- Opening Delimiter -

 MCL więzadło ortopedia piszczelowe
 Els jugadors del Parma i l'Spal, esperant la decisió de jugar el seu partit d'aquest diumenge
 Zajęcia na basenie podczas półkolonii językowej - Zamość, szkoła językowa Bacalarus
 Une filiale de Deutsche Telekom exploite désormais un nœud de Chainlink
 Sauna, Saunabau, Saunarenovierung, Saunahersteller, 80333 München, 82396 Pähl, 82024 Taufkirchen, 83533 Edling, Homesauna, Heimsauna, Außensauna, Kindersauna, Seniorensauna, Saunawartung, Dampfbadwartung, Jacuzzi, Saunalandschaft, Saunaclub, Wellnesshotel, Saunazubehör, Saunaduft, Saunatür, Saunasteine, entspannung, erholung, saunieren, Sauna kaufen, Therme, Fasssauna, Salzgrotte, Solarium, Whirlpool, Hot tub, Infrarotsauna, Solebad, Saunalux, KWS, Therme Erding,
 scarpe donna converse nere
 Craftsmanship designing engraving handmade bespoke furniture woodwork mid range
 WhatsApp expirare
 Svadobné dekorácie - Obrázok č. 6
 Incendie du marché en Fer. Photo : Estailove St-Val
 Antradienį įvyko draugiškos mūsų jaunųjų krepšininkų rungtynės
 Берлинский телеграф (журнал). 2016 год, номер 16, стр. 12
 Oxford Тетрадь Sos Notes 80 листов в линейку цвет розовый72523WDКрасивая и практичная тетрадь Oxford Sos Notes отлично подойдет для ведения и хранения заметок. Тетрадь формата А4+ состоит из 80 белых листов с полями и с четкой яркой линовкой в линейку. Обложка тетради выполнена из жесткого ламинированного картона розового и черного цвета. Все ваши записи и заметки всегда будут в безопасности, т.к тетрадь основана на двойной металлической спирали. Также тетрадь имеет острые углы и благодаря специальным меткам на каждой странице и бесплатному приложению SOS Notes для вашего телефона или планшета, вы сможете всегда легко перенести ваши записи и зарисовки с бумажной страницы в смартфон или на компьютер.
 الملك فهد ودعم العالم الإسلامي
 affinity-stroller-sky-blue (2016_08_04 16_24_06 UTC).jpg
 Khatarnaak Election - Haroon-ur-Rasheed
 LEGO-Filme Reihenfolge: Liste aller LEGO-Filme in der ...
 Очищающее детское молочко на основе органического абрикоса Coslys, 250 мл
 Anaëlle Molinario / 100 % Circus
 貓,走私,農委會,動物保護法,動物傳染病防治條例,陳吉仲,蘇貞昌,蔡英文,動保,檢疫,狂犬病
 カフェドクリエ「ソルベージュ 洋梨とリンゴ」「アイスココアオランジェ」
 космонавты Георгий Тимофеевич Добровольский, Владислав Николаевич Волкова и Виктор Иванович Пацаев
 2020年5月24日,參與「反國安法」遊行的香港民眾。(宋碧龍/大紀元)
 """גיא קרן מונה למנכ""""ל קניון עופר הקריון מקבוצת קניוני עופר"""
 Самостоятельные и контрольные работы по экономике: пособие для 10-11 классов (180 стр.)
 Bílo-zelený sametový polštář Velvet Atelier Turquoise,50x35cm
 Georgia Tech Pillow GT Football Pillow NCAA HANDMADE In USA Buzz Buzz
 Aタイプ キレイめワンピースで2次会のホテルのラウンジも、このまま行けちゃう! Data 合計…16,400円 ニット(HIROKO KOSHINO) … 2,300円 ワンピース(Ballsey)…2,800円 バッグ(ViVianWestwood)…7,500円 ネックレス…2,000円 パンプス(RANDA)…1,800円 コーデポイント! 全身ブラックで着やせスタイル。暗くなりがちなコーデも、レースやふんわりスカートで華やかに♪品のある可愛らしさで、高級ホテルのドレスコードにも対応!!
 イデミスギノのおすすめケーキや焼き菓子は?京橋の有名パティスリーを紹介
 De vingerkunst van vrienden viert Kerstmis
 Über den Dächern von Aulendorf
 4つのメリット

- Closing Delimiter -

#### WORK ORDER:
Each line of the listing should be reproduced without any alteration.

#### EXERCISE ANSWER:
 MCL więzadło ortopedia piszczelowe
 Els jugadors del Parma i l'Spal, esperant la decisió de jugar el seu partit d'aquest diumenge
 Zajęcia na basenie podczas półkolonii językowej - Zamość, szkoła językowa Bacalarus
 Une filiale de Deutsche Telekom exploite désormais un nœud de Chainlink
 Sauna, Saunabau, Saunarenovierung, Saunahersteller, 80333 München, 82396 Pähl, 82024 Taufkirchen, 83533 Edling, Homesauna, Heimsauna, Außensauna, Kindersauna, Seniorensauna, Saunawartung, Dampfbadwartung, Jacuzzi, Saunalandschaft, Saunaclub, Wellnesshotel, Saunazubehör, Saunaduft, Saunatür, Saunasteine, entspannung, erholung, saunieren, Sauna kaufen, Therme, Fasssauna, Salzgrotte, Solarium, Whirlpool, Hot tub, Infrarotsauna, Solebad, Saunalux, KWS, Therme Erding,
 scarpe donna converse nere
 Craftsmanship designing engraving handmade bespoke furniture woodwork mid range
 WhatsApp expirare
 Svadobné dekorácie - Obrázok č. 6
 Incendie du marché en Fer. Photo : Estailove St-Val
 Antradienį įvyko draugiškos mūsų jaunųjų krepšininkų rungtynės
 Берлинский телеграф (журнал). 2016 год, номер 16, стр. 12
 Oxford Тетрадь Sos Notes 80 листов в линейку цвет розовый72523WDКрасивая и практичная тетрадь Oxford Sos Notes отлично подойдет для ведения и хранения заметок. Тетрадь формата А4+ состоит из 80 белых листов с полями и с четкой яркой линовкой в линейку. Обложка тетради выполнена из жесткого ламинированного картона розового и черного цвета. Все ваши записи и заметки всегда будут в безопасности, т.к тетрадь основана на двойной металлической спирали. Также тетрадь имеет острые углы и благодаря специальным меткам на каждой странице и бесплатному приложению SOS Notes для вашего телефона или планшета, вы сможете всегда легко перенести ваши записи и зарисовки с бумажной страницы в смартфон или на компьютер.
 الملك فهد ودعم العالم الإسلامي
 affinity-stroller-sky-blue (2016_08_04 16_24_06 UTC).jpg
 Khatarnaak Election - Haroon-ur-Rasheed
 LEGO-Filme Reihenfolge: Liste aller LEGO-Filme in der ...
 Очищающее детское молочко на основе органического абрикоса Coslys, 250 мл
 Anaëlle Molinario / 100 % Circus
 貓,走私,農委會,動物保護法,動物傳染病防治條例,陳吉仲,蘇貞昌,蔡英文,動保,檢疫,狂犬病
 カフェドクリエ「ソルベージュ 洋梨とリンゴ」「アイスココアオランジェ」
 космонавты Георгий Тимофеевич Добровольский, Владислав Николаевич Волкова и Виктор Иванович Пацаев
 2020年5月24日,參與「反國安法」遊行的香港民眾。(宋碧龍/大紀元)
 """גיא קרן מונה למנכ""""ל קניון עופר הקריון מקבוצת קניוני עופר"""
 Самостоятельные и контрольные работы по экономике: пособие для 10-11 классов (180 стр.)
 Bílo-zelený sametový polštář Velvet Atelier Turquoise,50x35cm
 Georgia Tech Pillow GT Football Pillow NCAA HANDMADE In USA Buzz Buzz
 Aタイプ キレイめワンピースで2次会のホテルのラウンジも、このまま行けちゃう! Data 合計…16,400円 ニット(HIROKO KOSHINO) … 2,300円 ワンピース(Ballsey)…2,800円 バッグ(ViVianWestwood)…7,500円 ネックレス…2,000円 パンプス(RANDA)…1,800円 コーデポイント! 全身ブラックで着やせスタイル。暗くなりがちなコーデも、レースやふんわりスカートで華やかに♪品のある可愛らしさで、高級ホテルのドレスコードにも対応!!
 イデミスギノのおすすめケーキや焼き菓子は?京橋の有名パティスリーを紹介
 De vingerkunst van vrienden viert Kerstmis
 Über den Dächern von Aulendorf
 4つのメリット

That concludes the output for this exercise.